Gold and silver hit by massive dollar rally
Nov 15, 2024·Alasdair MacleodThe return of the carry trade is creating a dollar illusion. But rising US Treasury yields are threatening to destabilise the entire global credit system, ultimately for the benefit of physical gold.
Against a background of a soaring dollar, gold and silver suffered a predictable shakeout. Yesterday (Thursday), gold closed at $2567 after dipping below $2540, for a net fall from last Friday’s close of $121, down $222 from 30 October’s high. Silver closed yesterday at $30.46 after an intraday low at $29.76, down a net 116 cents and off $4.40 from its 22 October high.
The sharpness and rapidity of these falls suggests that a decent technical bounce on bear closing in both gold and silver is in prospect for today. But it would be too early to say with conviction that Thursday’s lows represent the end of their correction.
Driving gold and silver’s decline has been the remarkable rally in the dollar. The next chart shows its trade-weighted index:
Far from reflecting a sudden appetite for dollars from foreign investors, US hedge funds and others have returned to the carry trade, which involves borrowing yen cheaply (and perhaps to a lesser extent euros), selling them to buy dollars and investing in T-bills for the yield pick-up.

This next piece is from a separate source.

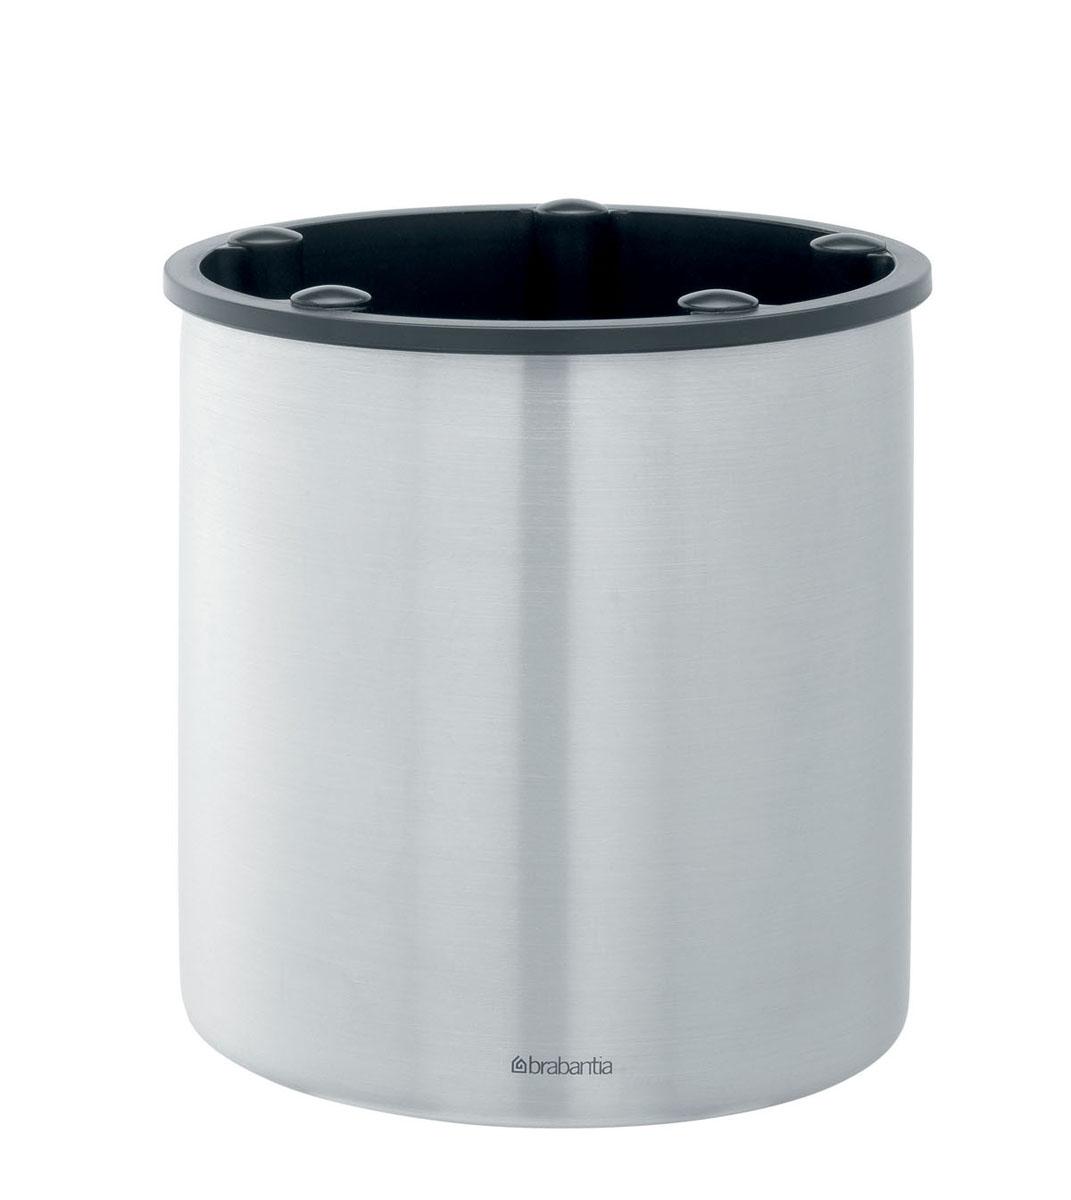 Подставка для кухонных принадлежностей Brabantia, высота 15 см0270Подставка для кухонных принадлежностей Brabantia изготовлена из высококачественной нержавеющей стали с матовой полировкой. Внутренняя поверхность пластиковая. Подставка оснащена 5 выемками для отделения приборов друг от друга. В такой подставке можно хранить все столовые приборы, а также кухонные принадлежности, такие как лопатки и половники.Подставка имеет стильный классический дизайн и одинаково хорошо впишется и в современный, и в классический интерьер. Можно мыть в посудомоечной машине. Диаметр подставки (по верхнему краю): 15 см. Высота подставки: 15 см.

Other than the profits to be made from the interest rate arbitrage, the logic can be summed up as Trump and his tariffs will do less harm for America than to everyone else. And the domestic inflationary implications will keep short-term US bond yields high while Japan and the Eurozone resist the trend for fear of the consequences on their own economies.
However, there appears to be some confusion over the US inflation outlook, with the probability of a cut in the Fed funds rate of 0.25% next month currently assessed at 79%. But with the impact of the new president’s intended tariffs leading to higher consumer price inflation, it makes more sense for the Fed to put rate cuts on hold until the tariff position is clarified. And yields on the Treasury 10-year note are rising strongly, confirming there is too much optimism for lower interest rates:
The reality is that the marginal buyers, being foreign holders of US Treasuries in aggregate, are unlikely to buy more for economic or political reasons. Instead, foreign central banks and governments outside the western alliance are selling down dollars and dollar debt for gold. And foreign private sector institutions are suffering greater losses on term debt as yields rise. In the absence of this foreign support, the yield on the 10-year UST-note is set to rise above 5%, not only tripping debt traps for the US Government, but for Japan, the Eurozone, the UK, and all the zombie corporations in these jurisdictions who less than two or three years ago thought that interest rates would never rise again.
In short, while US hedge funds party on the proceeds of the carry trade, already we can see how the markets’ reactions to Trump’s landslide are creating potential chaos elsewhere. As an example, look at the problems for Japan:
The yen is declining and undoubtedly will hit new lows, while bond yields are on the rise. Time is being called on the Bank of Japan’s monetary stance. On Wednesday, the BOJ revealed that the producer price index for October rose 3.4% compared with a year ago: compare that with the yen’s close to zero short-term interest rates. Trump’s election has since made things considerably worse for Japan’s monetary policy, and possibly threatens the very survival of the BOJ, which desperately needs a massive recapitalisation to retain its ebbing credibility.
Japan is only one example. Having come to rely on an outlook for lower dollar interest rates, the Eurozone and UK face their own crises. Far from improving the dollar’s prospects as a fiat currency, current events are destabilising the entire fiat currency world. They confirm the thesis that the entire gold-less period since the end of Bretton Woods is running out of road — and rapidly at that. I shall end this report with gold’s technical chart:
Clearly, the correction from $2790 has taken much of the short-term froth out of gold, and it is in a stronger technical position for it. It has been an opportunity for foreign central banks frightened for the dollar’s future, and even more so following the presidential election, to redouble their efforts to acquire physical bullion, for which there is no counterparty risk.
And if they are rejecting fiat for bullion, then surely tells us all we need to know.